When Veeam Software announced this week that it was expanding beyond VMware to offer support for Microsoft Hyper-V, the data protection firm doubled down on its commitment to become the leading provider of disaster recovery and management solutions for virtual data centers.
Virtualization backup and management firm Veeam Software this week took steps to double down on its commitment to become the leading provider of disaster recovery and management solutions for virtual data centers.
“Veeam’s view is that most organizations will virtualize close to 100 percent of their servers within the next few years, so the company has concentrated on creating the best backup and recovery solution possible for virtual environments,” Carrie Reber, vice president of marketing at Veeam told ServerWatch.
Veeam, founded in 2006, has built its name as a leading provider of virtualization backup and management technology for VMware (NYSE: VMW) environments. Indeed, the company now says that more than 150,000 VMware professionals around the world are using its FastSCP, a free tool for ESX file management.
Veeam recently announced the general availability of version 5.0 of its Backup and Recovery product, a product driven by the vPower technology it debuted in 2010. Veeam boasts that vPower, which it developed in-house, can provide instant recovery of a complete virtual machine from its backup while IT works on the issue that caused the problem. The central innovation of vPower is the capacity to run virtual machines in production or in a test environment from either standard backup storage or a compressed and deduplicated backup file, Reber explained.
“On the backup side, while server virtualization has become widely adopted in data centers worldwide, many organizations are still using previous-generation software designed for traditional x86 physical servers to back up data on virtual machines,” she said.

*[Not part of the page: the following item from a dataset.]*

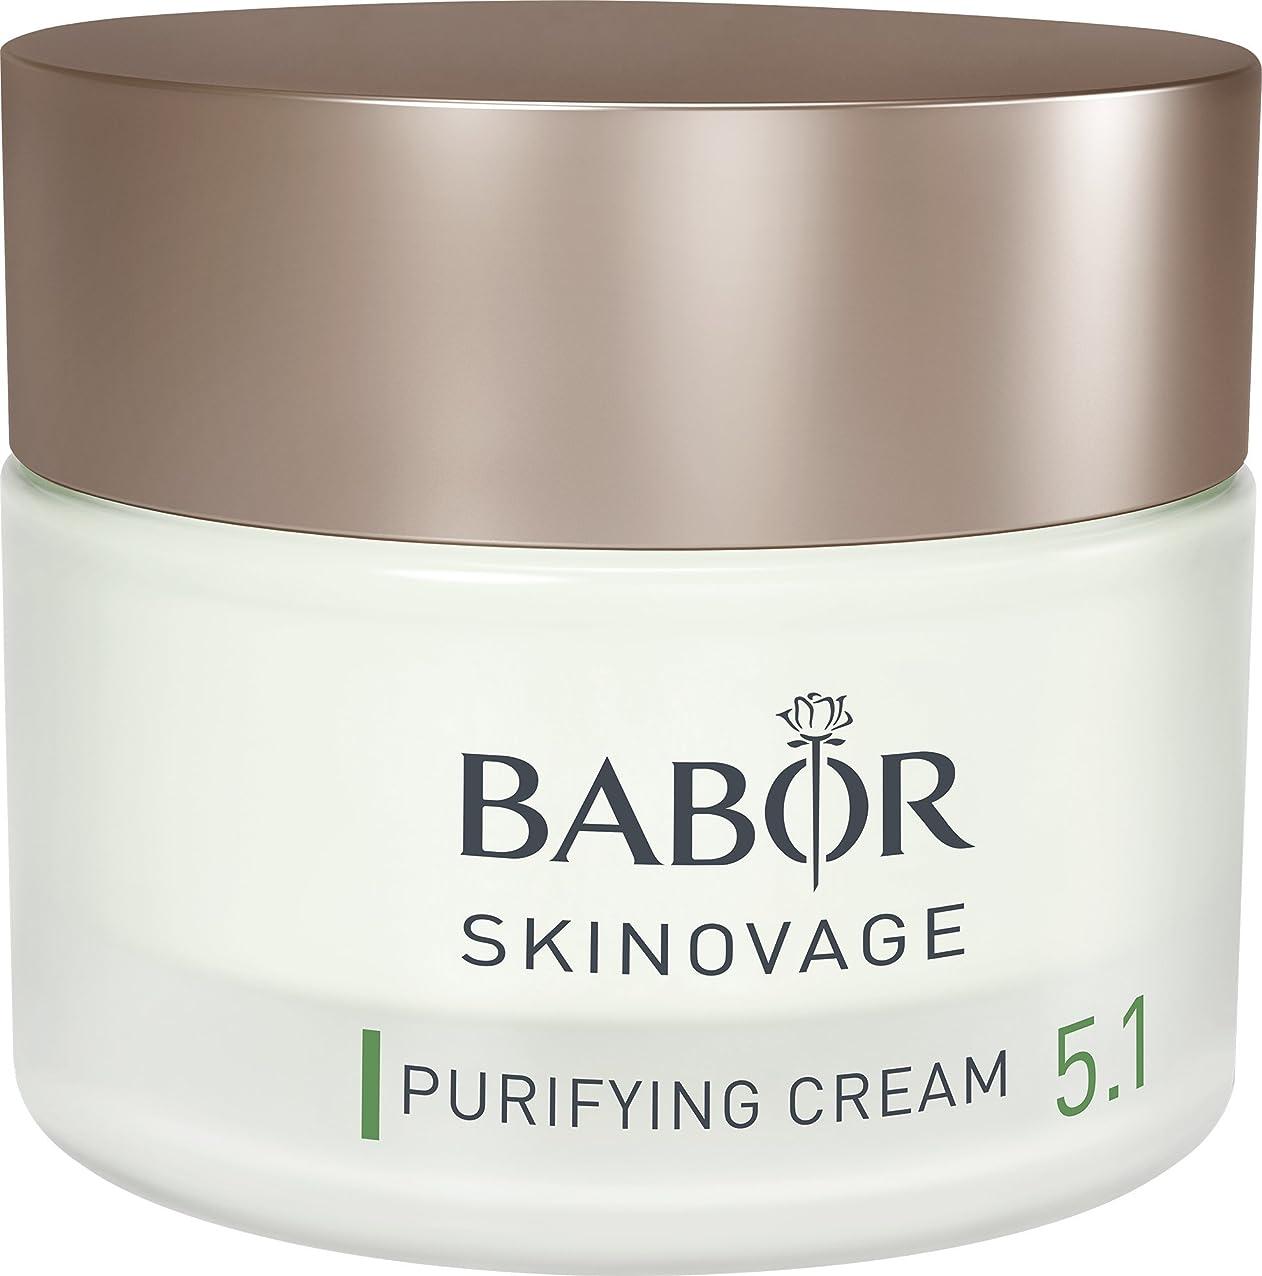 一月無駄な火バボール Skinovage [Age Preventing] Purifying Cream 5.1 - For Problem & Oily Skin 50ml/1.7oz並行輸入品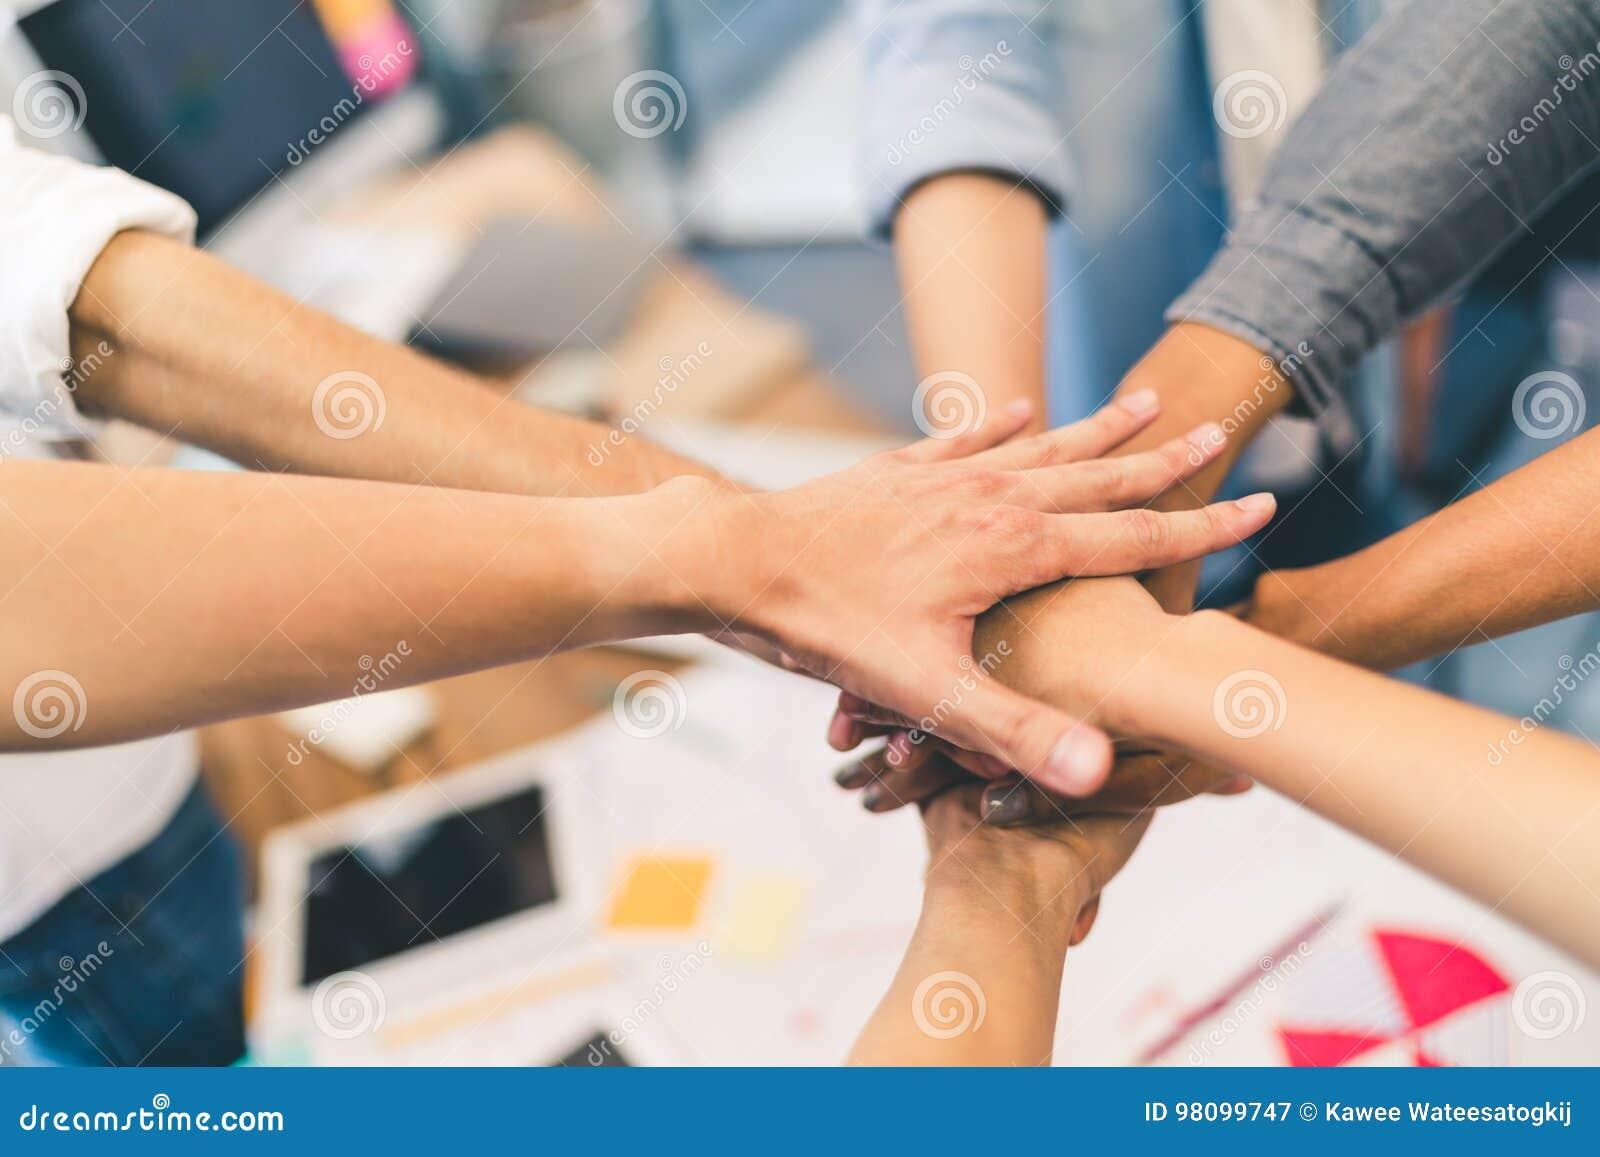 Socios comerciales trabajo en equipo o concepto de la amistad El grupo diverso multiétnico de colegas se une a las manos juntas

“Traditional backup software for physical servers requires an average of four to five hours of downtime to complete a backup, and often much more, and the backups don’t always restore reliably. What’s more, the old software is not only ineffective and unreliable in a virtual environment, but also wastes the opportunity to take advantage of the new possibilities that virtualization presents.”
From the management perspective, Veeam backs a product called Veeam ONE, which offers reporting and monitoring tools for VMware environments. With Veeam ONE, users can manage VMware and physical environments through either Microsoft System Center or HP Operations Manager in a unified console. Veeam expanded its product portfolio to couple VMware and Microsoft (NASDAQ: MSFT) and HP enterprise management tools with the 2008 acquisition of nworks.
Now, Veeam is taking a big step beyond VMware with the inclusion of Windows Server Hyper-V and Microsoft Hyper-V Server in its Backup and Replication product. Veeam is demonstrating the new Hyper-V support this week at Microsoft’s TechEd conference in Atlanta. It plans to make it generally available in fourth quarter 2011.
For a company that built its name on VMware support, bringing Hyper-V into the fold represents not only the conviction that momentum for virtualization will continue to build, but also that the enterprise market is diversifying.
“Multi-hypervisor environments are quickly becoming the norm, not the exception, and that poses serious management challenges to IT organizations,” Ashish Nadkarni, a senior analyst and consultant at Taneja Group, said in a statement. “IT managers need to select virtualization management solutions, including backup and replication solutions, that can work with more than one hypervisor.”
Veeam founders Ratmir Timashev and Andrei Baronov first partnered up with the 1997 founding of Aelita Software, a firm specializing in Windows Server systems management software. In 2004, Qwest Software snapped up Aelita, which ultimately sent Timashev and Baronov looking for a new venture, and they settled on virtualization. Veeam, with North American headquarters in Columbus, Ohio, has a management team that includes many veterans of Aelita, Reber said.